CN114107435A - Activatable photoacoustic-fluorescence dual-mode probe for real-time monitoring of immunotherapy and application - Google Patents

Abstract

The invention relates to the technical field of immune medical research, in particular to an activatable photoacoustic-fluorescent dual-mode probe for real-time monitoring of immunotherapy, and further discloses a preparation method and application thereof. The activatable photoacoustic-fluorescence dual-mode probe for real-time monitoring of immunotherapy consists of a PDL1 antibody and a granzyme B substrate peptide, wherein the surface of the granzyme B substrate peptide is modified with a fluorescent group and a quenching group, and the probe is an activatable photoacoustic/fluorescence dual-mode probe based on a PDL1 antibody and is used for monitoring the activity of the granzyme B.

Description

Activatable photoacoustic-fluorescence dual-mode probe for real-time monitoring of immunotherapy and application

Technical Field

The invention relates to the technical field of immune medical research, in particular to an activatable photoacoustic-fluorescent dual-mode probe for real-time monitoring of immunotherapy, and further discloses a preparation method and application thereof.

Background

The immunotherapy of tumor is to stimulate and enhance the immune function of the organism and enhance the anti-tumor immunity of the tumor microenvironment so as to achieve the purpose of controlling and killing tumor cells.
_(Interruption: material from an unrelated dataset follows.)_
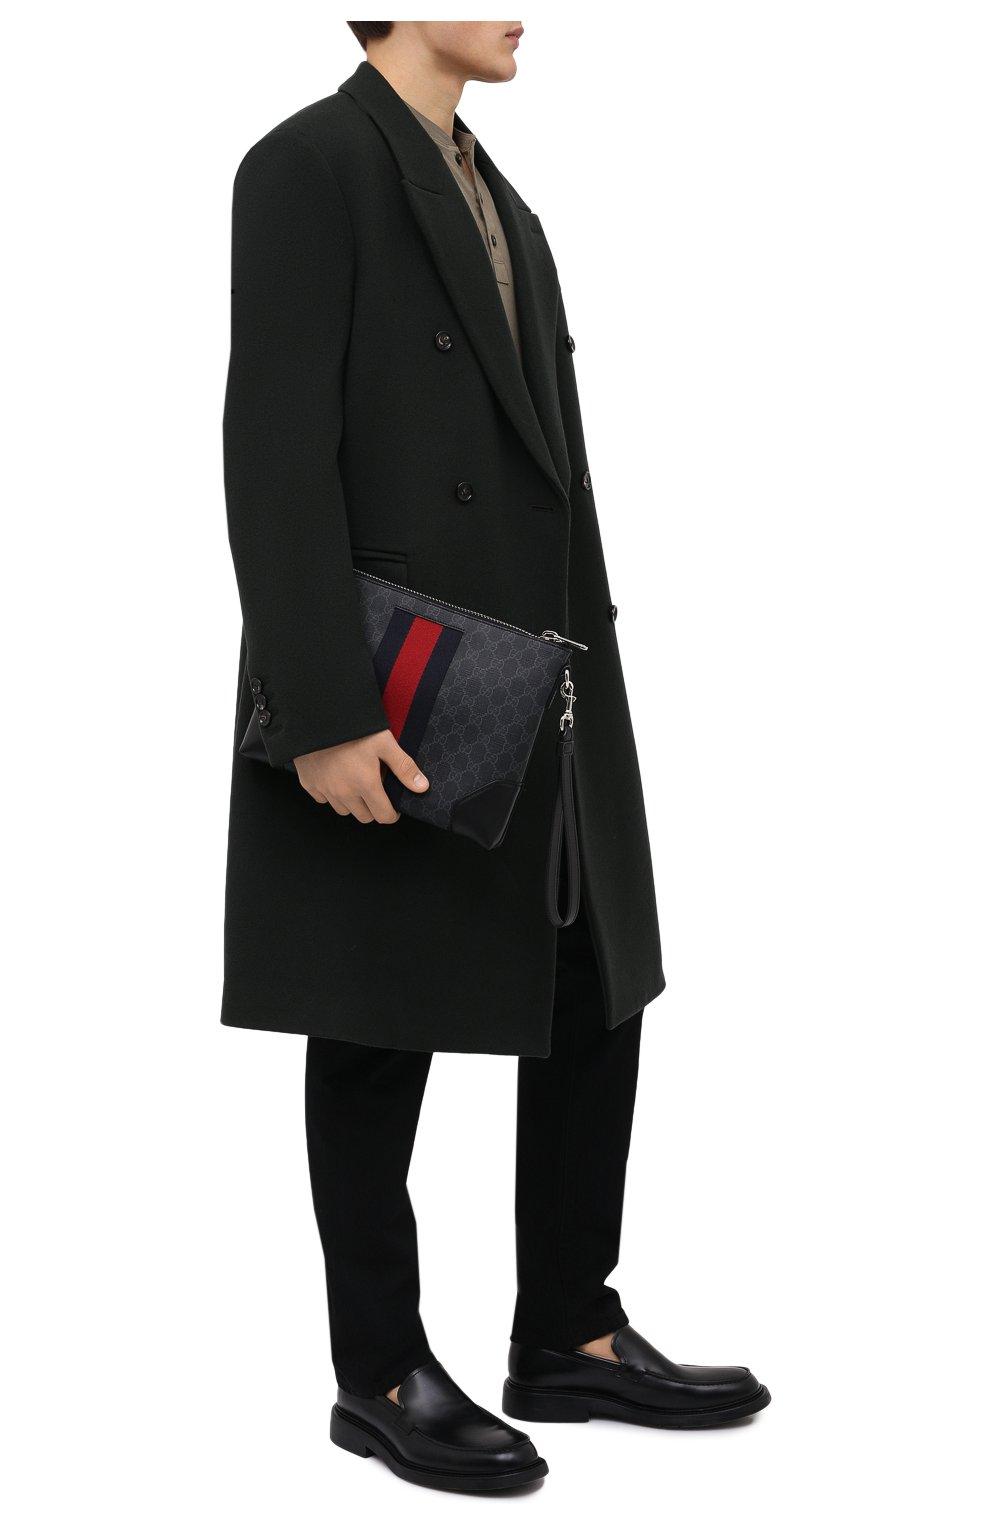 590e4c23b293 Мужские сумки Gucci по цене от 39 500 руб. купить в интернет-магазине ЦУМ
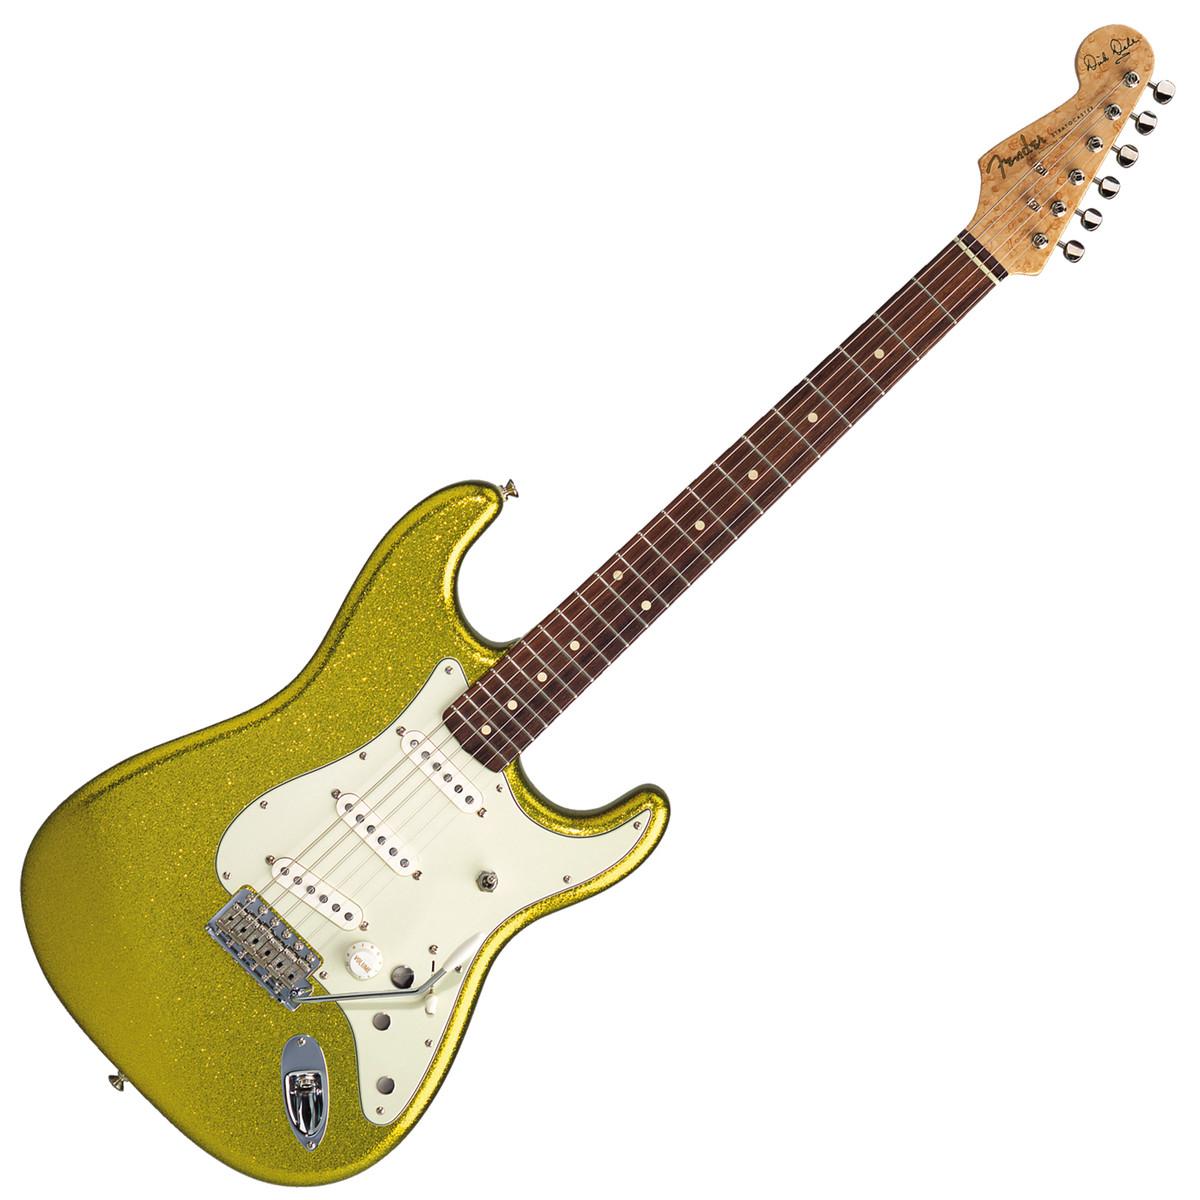 Dick Dale Stratocaster 65

However, since immunotherapy can only eliminate a small amount of disseminated tumor cells and has limited efficacy on advanced solid tumors, it is often used as an adjuvant therapy in combination with conventional methods such as surgery, chemotherapy, and radiotherapy. In general, after a large amount of tumor cells are cleaned by a conventional method, the remaining tumor cells are cleaned by immunotherapy, so that the effect of comprehensive treatment of tumors can be improved.

The method for tumor immunological therapy is various, has been combined with modern biological high-tech technology, is developed into a fourth tumor therapy mode after surgery, chemotherapy and radiotherapy, namely a biological tumor therapy method, obtains remarkable treatment effect in clinical trials, and is the most potential tumor therapy strategy. However, due to the differences in heterogeneous immune responses, accurate monitoring of efficacy remains a major challenge. Traditional imaging techniques such as PET/CT and MRI greatly affect the evaluation of therapeutic efficacy and prognosis in early treatment due to lack of sensitivity and specificity of early response assessment, and are not favorable for optimization of clinical treatment protocols. Therefore, how to realize real-time monitoring of immunotherapy to guarantee clinical treatment effect has positive significance for development and application of tumor immunology.

The information disclosed in this background section is only for enhancement of understanding of the general background of the invention and should not be taken as an acknowledgement or any form of suggestion that this information forms the prior art already known to a person skilled in the art.

Disclosure of Invention

The invention aims to provide an activatable photoacoustic-fluorescent dual-mode probe for real-time monitoring of immunotherapy, which can monitor the immunotherapy reaction in real time and distinguish high-reactivity tumors from low-reactivity tumors;

the invention also aims to provide a preparation method and application of the activatable photoacoustic-fluorescence dual-mode probe for real-time monitoring of immunotherapy.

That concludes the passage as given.